これまでは年に一度は予定を擦り合わせ、ロートスに出向いていた。
しかしここ数年はエドナが近隣諸国の戦いに巻き込まれ、セシルも戦地へ赴くことを余儀なくされ、加えてロートス側からは予定が合わないと断られたり、どうすることもできない状態が続いたのだ。
シャロンはとっくに結婚適齢期を迎えていたが、セシルは彼女よりも四歳年下である。
なので婚約当時、婚姻はセシルが十八を迎えた年に行うということでロートス側と合意していた。
そして今年、十八の誕生日を控えたセシルはシャロンのために花嫁衣装を作らせた。
出来上がった純白の衣装を前に、シャロンの美しい花嫁姿を想像して胸が震えた。
きっと不安な気持ちを抱えて来るだろう。
だから彼女がエドナに着いたら一番先に、式が始まる前に、きちんとこの想いを伝えよう。
好きでたまらなくて、君を前にするとうまく喋ることができなかったのだと。
生涯君だけを愛するからと。
しかし花嫁衣装をロートスへ送ってからふた月後、ロートス国王から書簡が届けられた。
そこに記されていたのは婚礼衣装の礼ではなく、セシルとシャロンの婚約を解消するという一方的な内容だった。
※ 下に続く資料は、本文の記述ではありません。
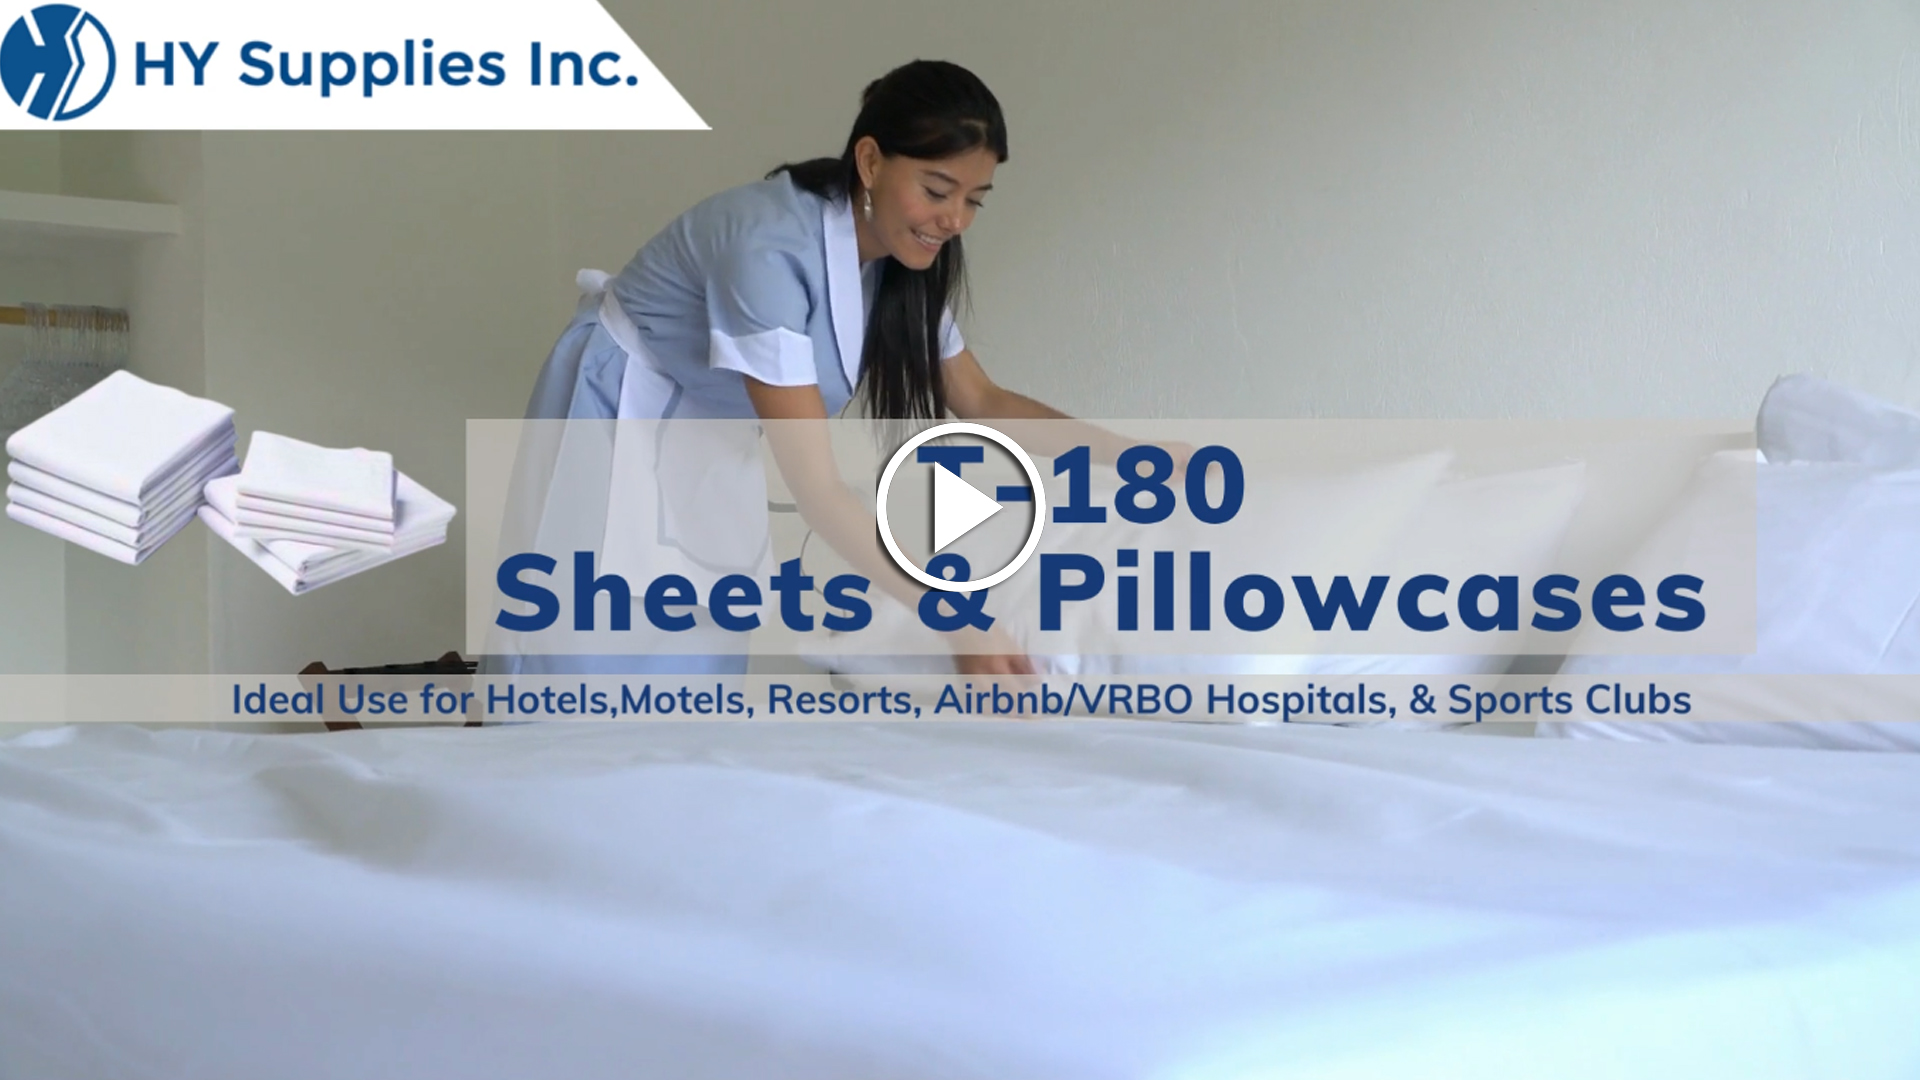 T-180 Sheets & Pillowcases

しかもシャロンの次の嫁ぎ先は既に決まっており、相手はエウレカのマヌエル王子だという。
──そして、二人は恋人同士なのだと
憤る父王と臣下たちの怒号が響く。
紛糾する玉座の間で、セシルの頭の中は真っ白に染まった。
エドナ国王は、即刻重臣たちを集め、会議を開いた。
そこで下された決定は、ロートスを滅ぼす事だった。
王族だけでなく、国民までも根絶やしにすると。
(罪もない民の命まで奪うわけにはいかない)
混乱する頭でセシルは必死に止めたが、これまで散々軽視されてきた恨みが、父王たちを極端な決断へと導いてしまった。
本当に、シャロンはエウレカの王子と恋仲なのか?
彼女を信じたい。
けれど確信するには証拠が必要だった。
エドナが秘密裏に戦の準備を進める中、セシルは再び配下をロートスへと潜り込ませた。
そして調査の結果、書簡の内容が真実であるとの報告が。
セシルは絶望した。
そして同時に、今まで感じたことのない凄まじい怒りが、腹の底から込み上げてきた。
その日、セシルは全軍を指揮する許可を父王に願い出た。
自分を裏切った事を後悔させるため。
そしてシャロンをエドナに連れ帰るために。
「セシル、早まるなよ。真実は何なのか、自分の目で見て確かめろ」
出発前。珍しく神妙な顔をしたアレンがセシルに声を掛ける。
だがアレンの言葉も、この時のセシルには響かなかった。